(Reuters) - Shares of Nikola Corp (O:NKLA) on Wednesday reversed course to trade up as much as 6% from premarket losses, resulting in $24 million in mark-to-market losses for those betting against the stock, according to financial analytics firm S3 Partners.
While shares shorted on the electric automaker had been decreasing over the last month, shorting picked up pace since a report by Hindenburg last week, S3 Partners said.
In its scathing report, the short-seller alleged Nikola of misleading investors and partners. But the electric carmaker has denied the charge and accused Hindenburg of manipulating the stock.
Shares shorted on Nikola decreased by 362,000 units worth $12 million last month, according to S3. But over the last week, there were 2.2 million of new short sales.

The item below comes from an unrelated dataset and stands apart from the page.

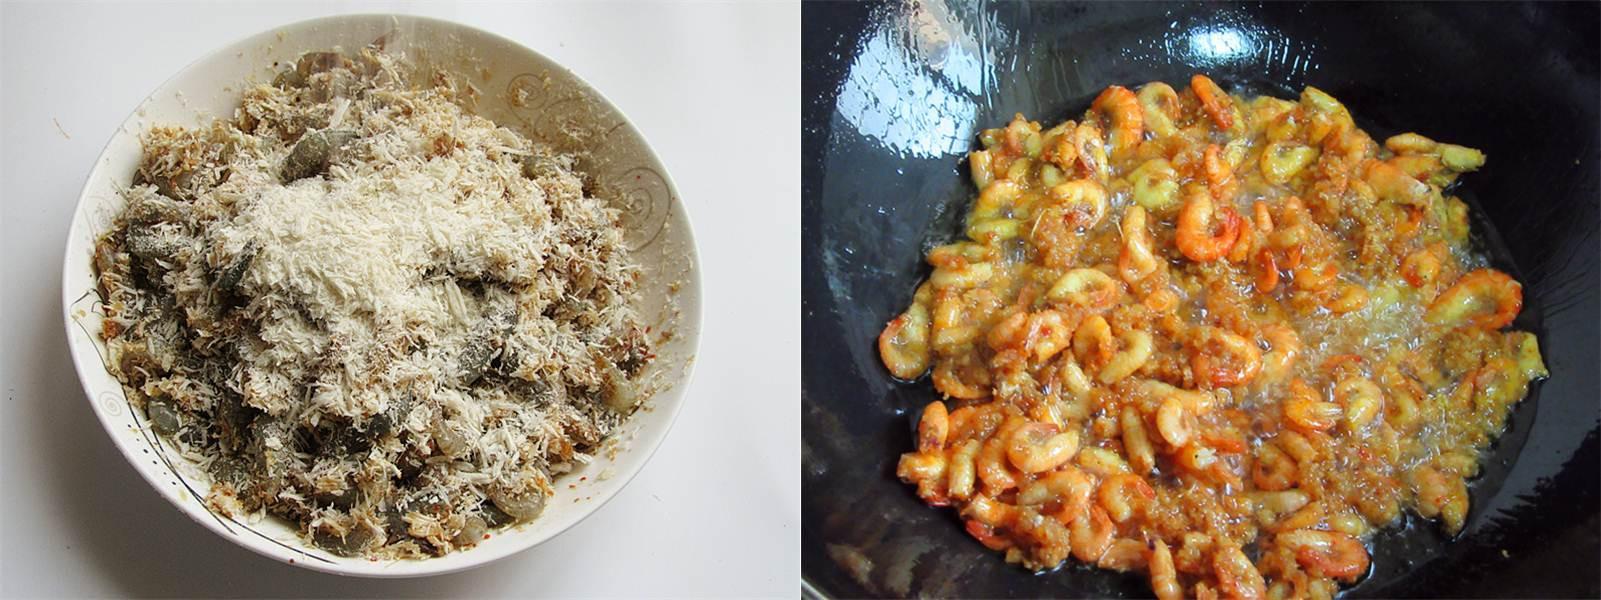 Mách bạn cách làm món tôm rang tỏi ớt đậm đà ngon cơm - Ảnh 3

"Short sellers are burning through the last of the stock borrows over the last week with 2.2 million of new short sales, worth $74 million," said Ihor Dusaniwsky, managing director of Predictive Analytics at S3.
A short sale involves borrowing of shares by an investor who then sells them expecting to buy back at a lower price to pay back the loan.
S3 said stock borrowing fees on existing shorts were 11.33%, but for new shorts, they were trending as high as 50%.
Short interest on Nikola currently stood at $387 million, or 8.69% of its outstanding shares, S3 said.